This conclusion is bolstered by the fact that, among those courts that have considered expert testimony on the question, radically different conclusions have been drawn from substantially similar medical evidence. Compare, e.g., Eagle–Picher Industries, Inc. v. Liberty Mutual Ins. Co. , 682 F.2d 12, 19 (1st Cir. 1982) (adopting manifestation trigger theory), cert. denied sub nom. Froude v. Eagle–Picher Industries, Inc. , 460 U.S. 1028, 103 S.Ct. 1279, 75 L.Ed.2d 500 (1983) ; Ins. Co. of North America v. Forty–Eight Insulations, Inc. , 633 F.2d 1212, 1218–19 (6th Cir. 1980) (Forty–Eight Insulations ) (exposure theory), clarified on reh'g, 657 F.2d 814 (6th Cir.), cert. denied, 454 U.S. 1109, 102 S. Ct. 686, 70 L.Ed. 2d 650 (1981) ; Zurich Ins. Co. v. Raymark Industries, Inc. , 118 Ill.2d 23, 42–44, 514 N.E.2d 150, 112 Ill.Dec. 684 (1987) (unique triple trigger theory); Continental Casualty Co. v. Employers Ins. Co. of Wausau , supra, 60 A.D.3d 128, 871 N.Y.S.2d 48 (injury-in-fact theory).

Third, resolving the injury issue as a question of fact on a case-by-case basis would create uncertainty and significantly increase litigation costs. See M. Doherty, " Allocating Progressive Injury Liability Among Successive Insurance Policies," 64 U. Chi. L. Rev. 257, 258 (1997). As the United States Court of Appeals for the Sixth Circuit explained in Forty–Eight Insulations , "[i]n each case where a plaintiff sues an asbestos manufacturer, a hearing could be held to determine at what point the buildup of asbestos in the plaintiff's lungs resulted in the body's defenses being overwhelmed. At that point, asbestosis could truly be said to occur .... From then on, all companies [that] insured the manufacturer would be treated as being on the risk ....

"The only problem with this Solomonian interpretation is that no one wants it. The principal reason is cost. If medical testimony as to asbestosis' origin would have to be taken in each of the thousands of asbestosis cases, the cost of litigation would be prohibitive. This appears to be especially true since many of the asbestosis cases are settled before trial. In addition, it is almost impossible for a doctor to look back and testify with any precision as to when the development of asbestosis crossed the line and became a disease.

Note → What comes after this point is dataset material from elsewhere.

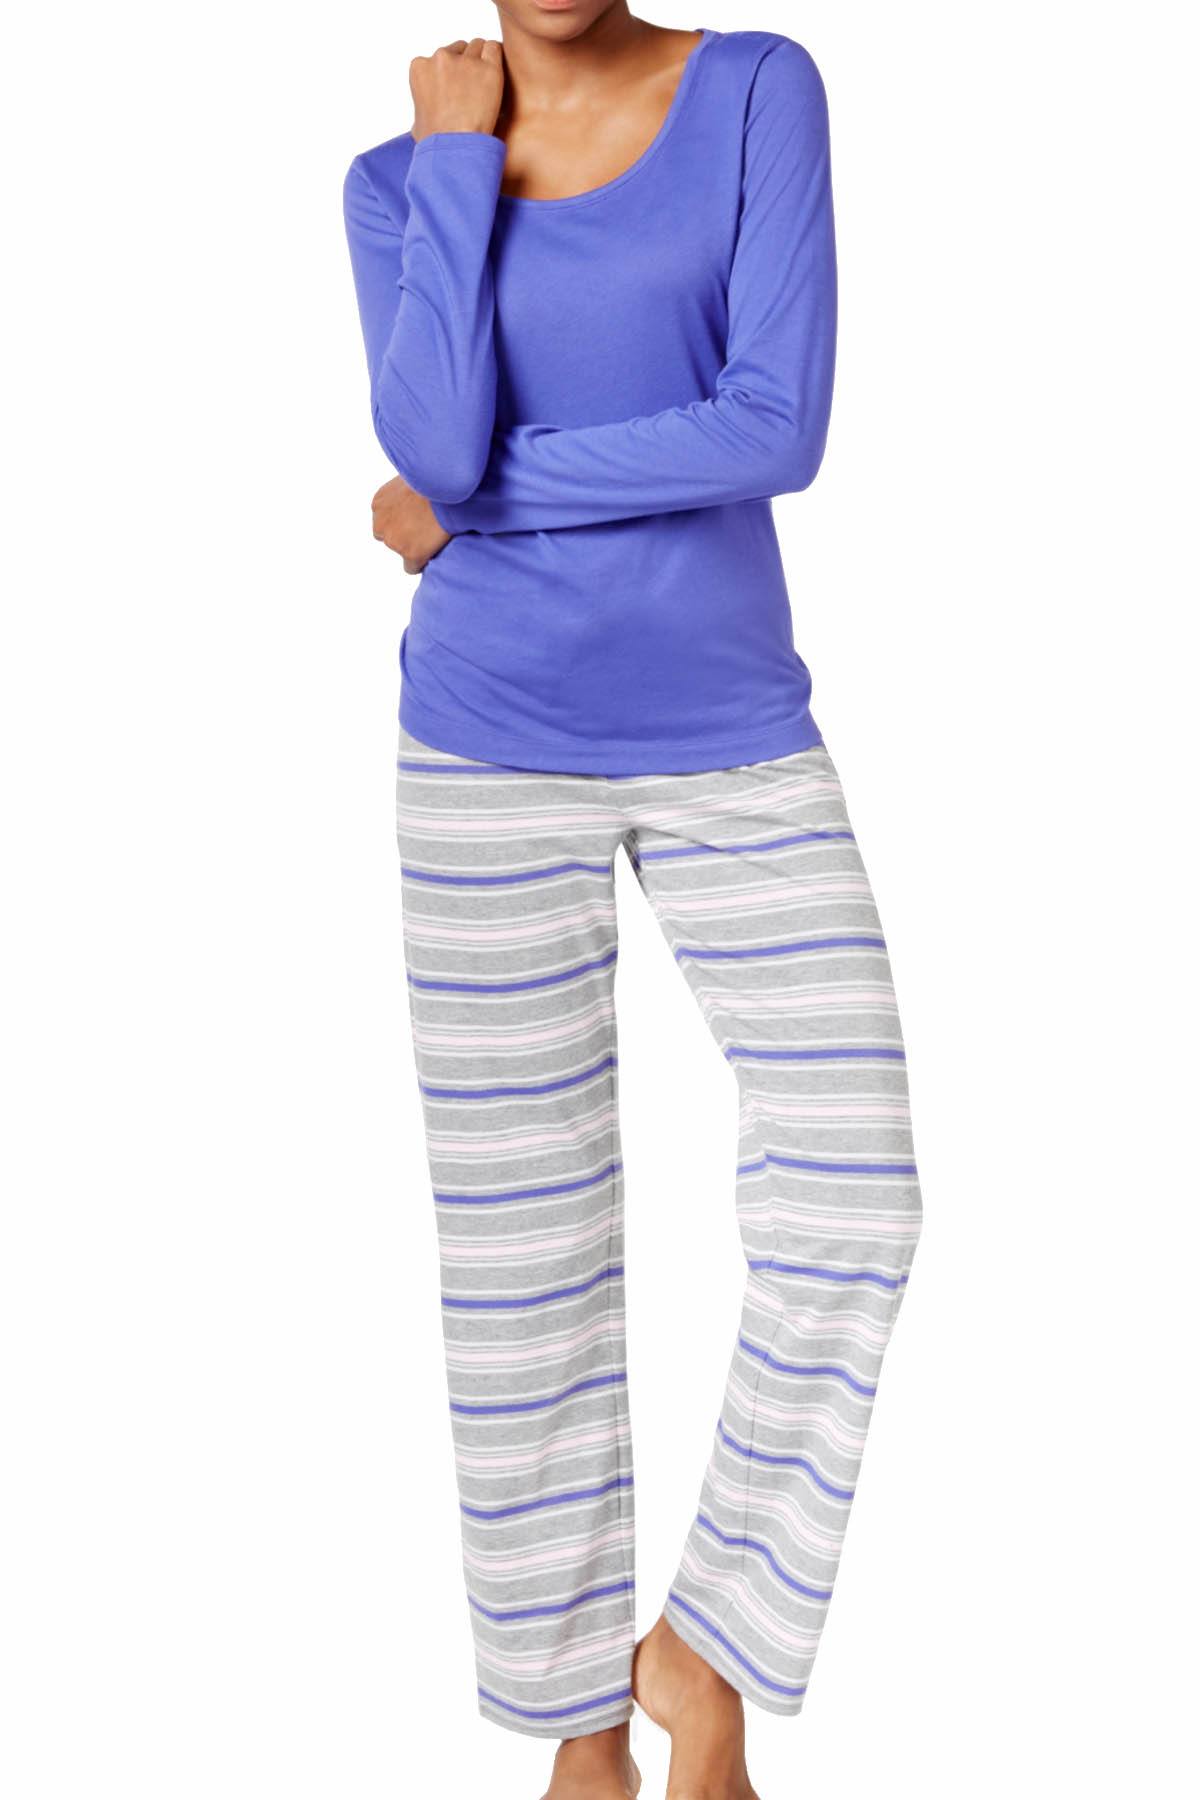 Jenni by Jennifer Moore Purple/Grey Sleepy-Stripe Knit Top & Printed Pant PJ Set

"The only thing on which all parties agree is that there is a need for us to arrive at an administratively manageable interpretation of the insurance policies—one that can be applied with minimal need for litigation." (Footnote omitted; internal quotation marks omitted.) Ins. Co. of North America v. Forty–Eight Insulations, Inc. , supra, 633 F.2d at 1217–18. For similar reasons, the Sixth Circuit clarified on rehearing that the same trigger theory should apply both to asbestosis and to asbestos related cancers, notwithstanding the different etiologies of those diseases. See Ins. Co. of North America v. Forty–Eight Insulations, Inc. , 657 F.2d 814, 815–16 (6th Cir. 1981), cert. denied, 454 U.S. 1109, 102 S.Ct. 686, 70 L.Ed.2d 650 (1981) ; cf. N. Andrea, " Exposure, Manifestation of Loss, Injury-in-Fact, Continuous Trigger: The Insurance Coverage Quagmire," 21 Pepp. L. Rev. 813, 850 (1994) (absence of unified approach to trigger of coverage theories adversely affects insurers and insureds). A number of other appellate courts also have resolved the trigger issue as a matter of law, without reliance on expert testimony. See, e.g., Commercial Union Ins. Co. v. Sepco Corp. , 765 F.2d 1543, 1546 (11th Cir. 1985) ; ACandS, Inc. v. Aetna Casualty & Surety Co. , 764 F.2d 968, 972 (3d Cir. 1985) ; Keene Corp. v. Ins. Co. of North America , supra, 667 F.2d at 1044 n.19, 1047 n.25 ; Owens–Illinois, Inc. v. United Ins. Co. , supra, 138 N.J. at 457, 650 A.2d 974.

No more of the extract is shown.